The social and political situation explained above was the stage in which religion played its role in Travancore. We could explain the religious situation in terms of three factors: The dedication of the Kingdom to Lord Padnanabha and the resultant state of Hinduism as the State Religion, the extent of superstition prevalent in the practice of religion and the discrimination of Christians on the basis of their religion.
- The Dedication of the Kingdom to Lord Padnanaba
- Caste Discrimination in Hindu Worship
- Christians in Travancore
Politically, the Kingdom of Travancore was a Hindu country. On 3rd Jnuary 1750 Marthanda Varma dedicated his whole kingdom to his tutelary deity Sri Padmanabhaswamy. As a result of this dedication, Travancore became Sri Pandaravaka (property of Sri Padmanabha). The King became Sri Padmanabhadasa (servant of Sri Pdmanabha). The servants of the state came to be called panadara Kairyam Chaivargal (the government servants who work for the properties of Sri Padmanabha). Travancore itself was called Sri Pandaravaka (property of Sri Padmanabha). Every act of hostility against the king would be equal to swamidroham (a crime against God). This meant that thereafter the there was no distinction between the state property (cherikkal) and the temple property (devasvam). Thus the Travancore royal household became, for all theoretical purposes, a centralized temple management team50. In a country which declared Hinduism as a state religion, the Christians had the treatment of second class citizens, nay, even of outcastes.

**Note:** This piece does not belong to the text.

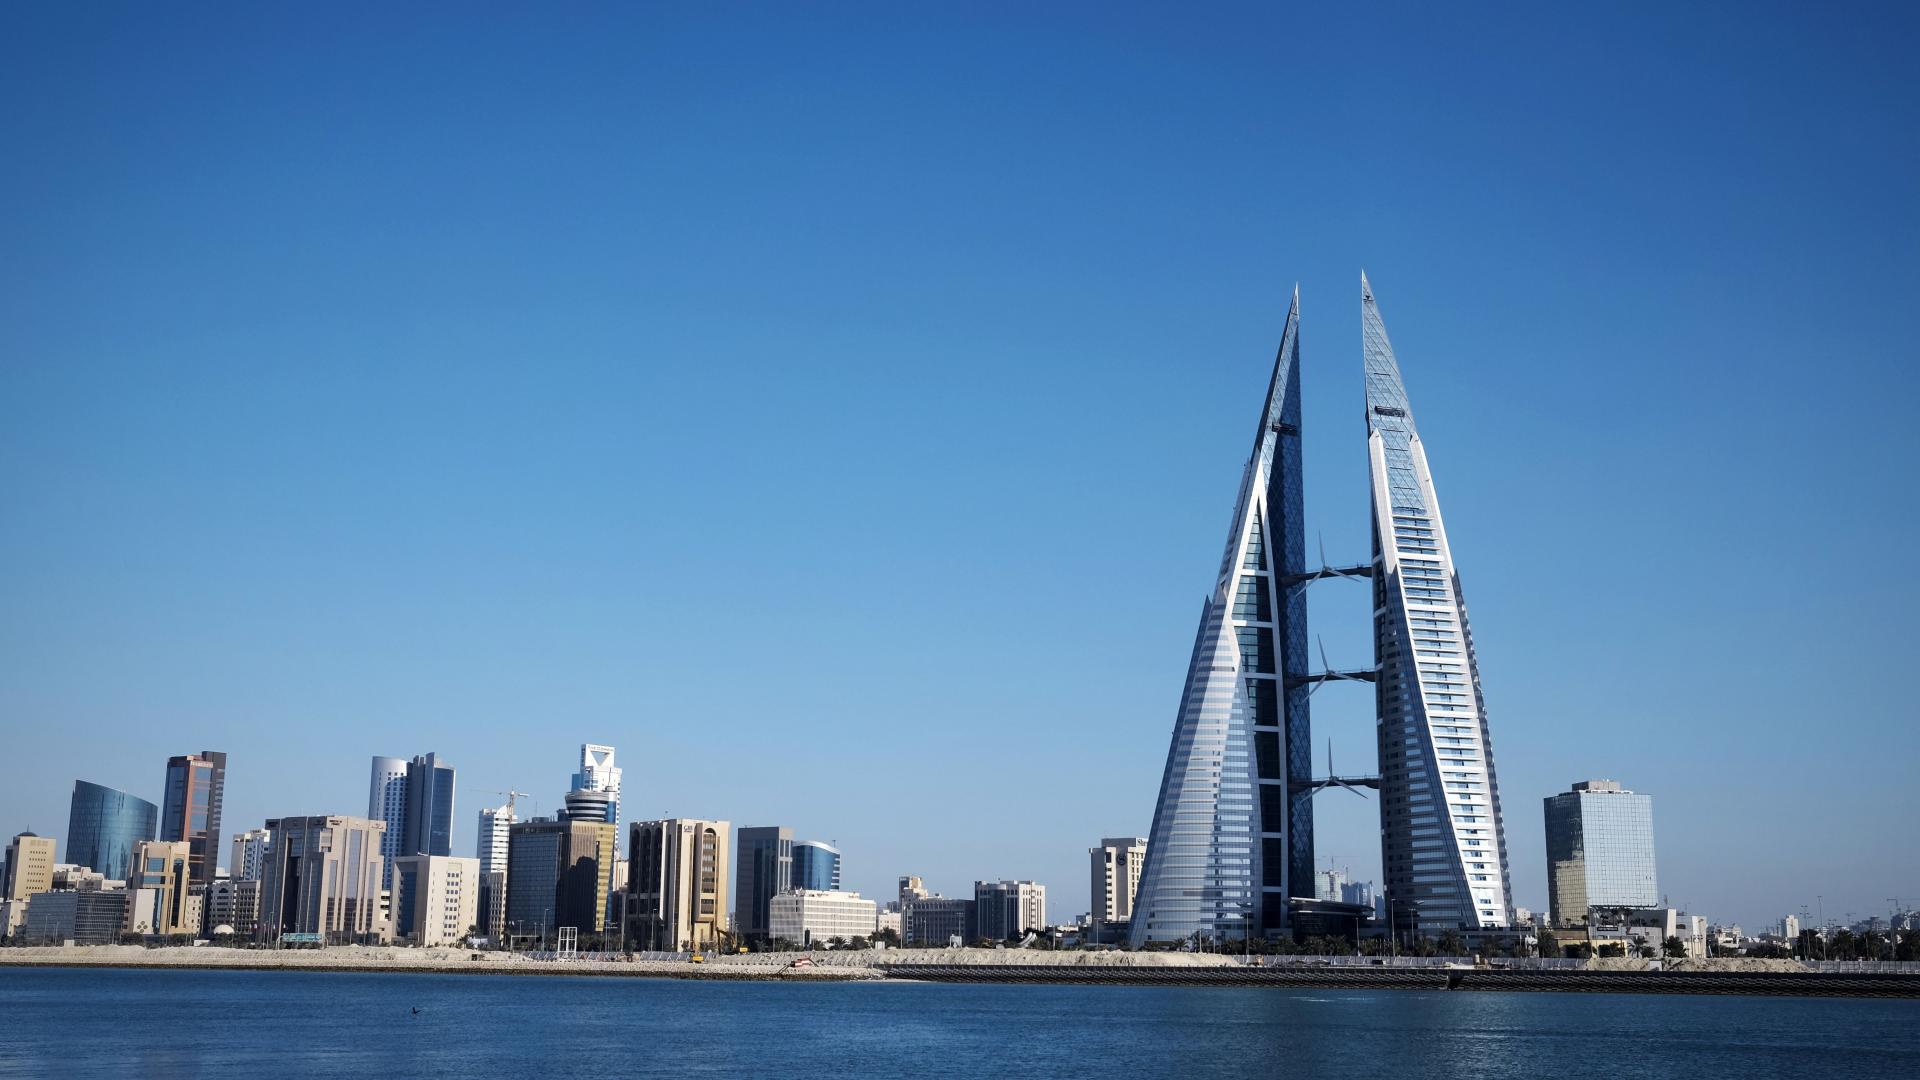 البحرين تلقي القبض على شبكة تهريب مخدرات مصدرها إيران

What was peculiar to the form of worship was that caste system found an honoured place. The people of high castes controlled all important temples and worshipped the deities, considered as powerful.51 The people of the lowcastes, denied of entry into these temples, had their peikoils or devil temples, where they worshipped the less significant deities. People of other castes that were considered as low, were not allowed to go inside even on the low verandahs of the temples. As the polluting castes, they were not permitted to go beyond the peeper tree that was planted near the tank at the entrance. A miniature image of the deity was placed near the tree with a treasure box on festival occasions. The polluting castes dropped their cash or final offerings such as flowers, ghee, rice, money or jewels and were allowed to enter the guar angle, stand in front of the shrine, low with joined palms and utter prayers in colloquial vernacular.

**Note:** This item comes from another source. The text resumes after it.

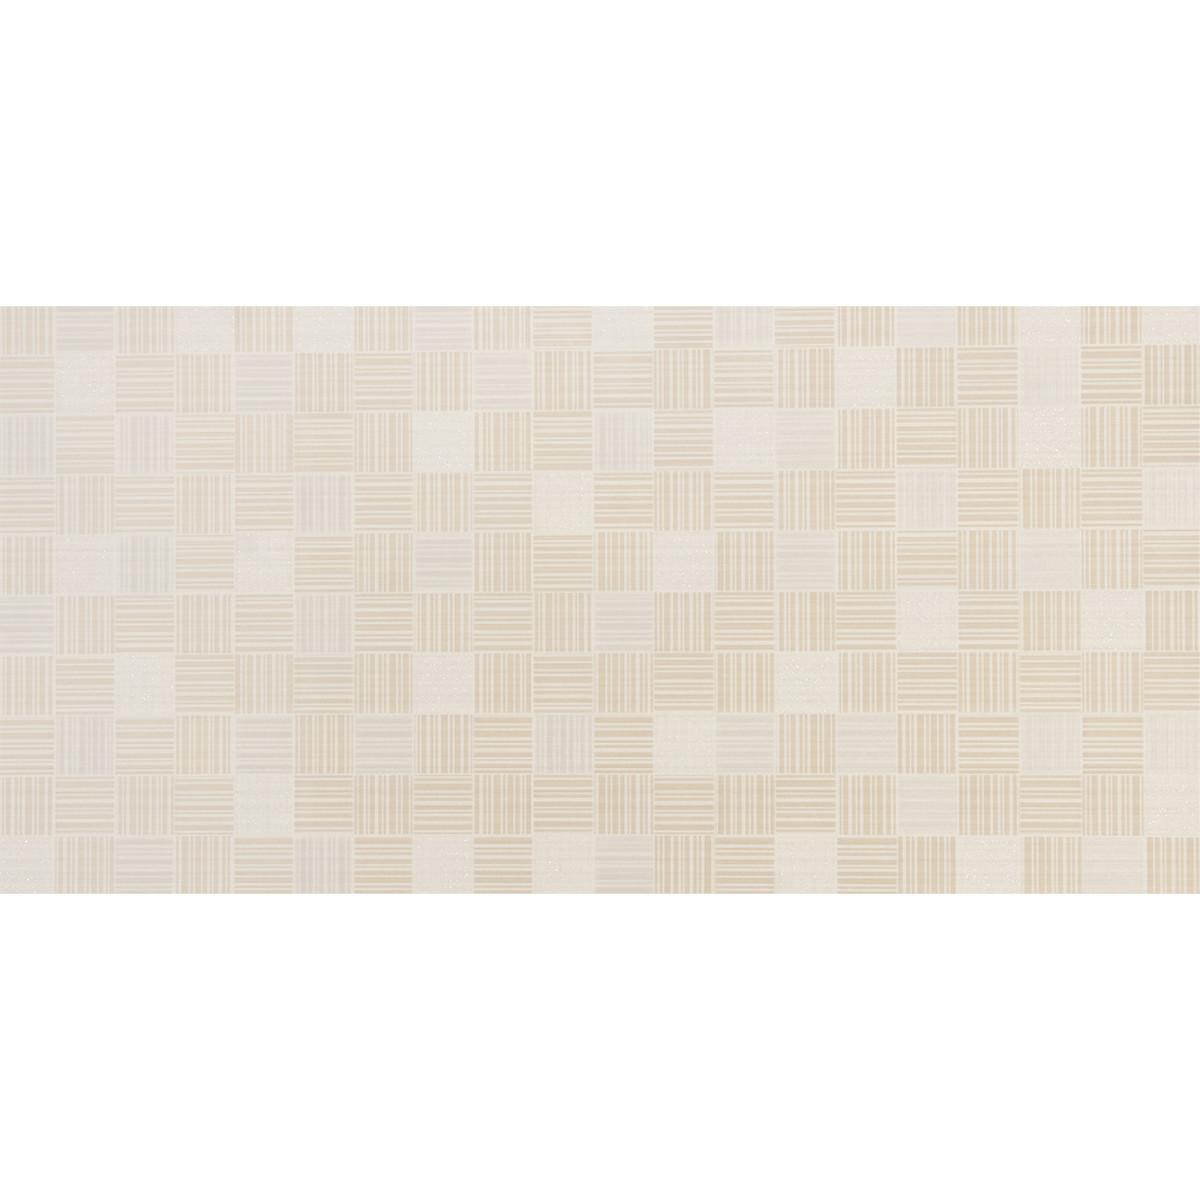 Вставка Пиксел 25х50 см цвет белый

There was an amble presence of Christians in the kingdom of Travancore during the life of the Servant of God. The fisher people living along the 61 kilometers of the coastal stretch of the present district of Kanyakumari were already fully Catholic, baptized by Portuguese missionaries, especially during the mission work of St. Francis Xavier. Thereafter, by the efforts of the Jesuit missionaries the efforts for evangelization of the interior villages was in progress. But these Christians, especially those in the interior villages, experienced social, political and economic problems. Socially the Christians, not the Syrian Christians, but the Latin Rite Christians, were counted among the lowest of castes, to the extent of being considered untouchables. So much so Christianity was regarded as a religion of the lowest classes and the noble tribes like the Nairs and Brahmins kept away from them52. The Christians too, like the low caste people, were forbidden to wear headdress if they were men and any dress above the waist if women.
Economically too Christians were an oppressed class. They worked as coolies in the properties of the temples and those of the Nairs. Christians were paying taxes for being Christians. As an educated person, as a Nair and as a Palace official Nilakandan would have been fully in the know of these social, political and economic conditions of the Christians of Travancore of Marthanda Varma.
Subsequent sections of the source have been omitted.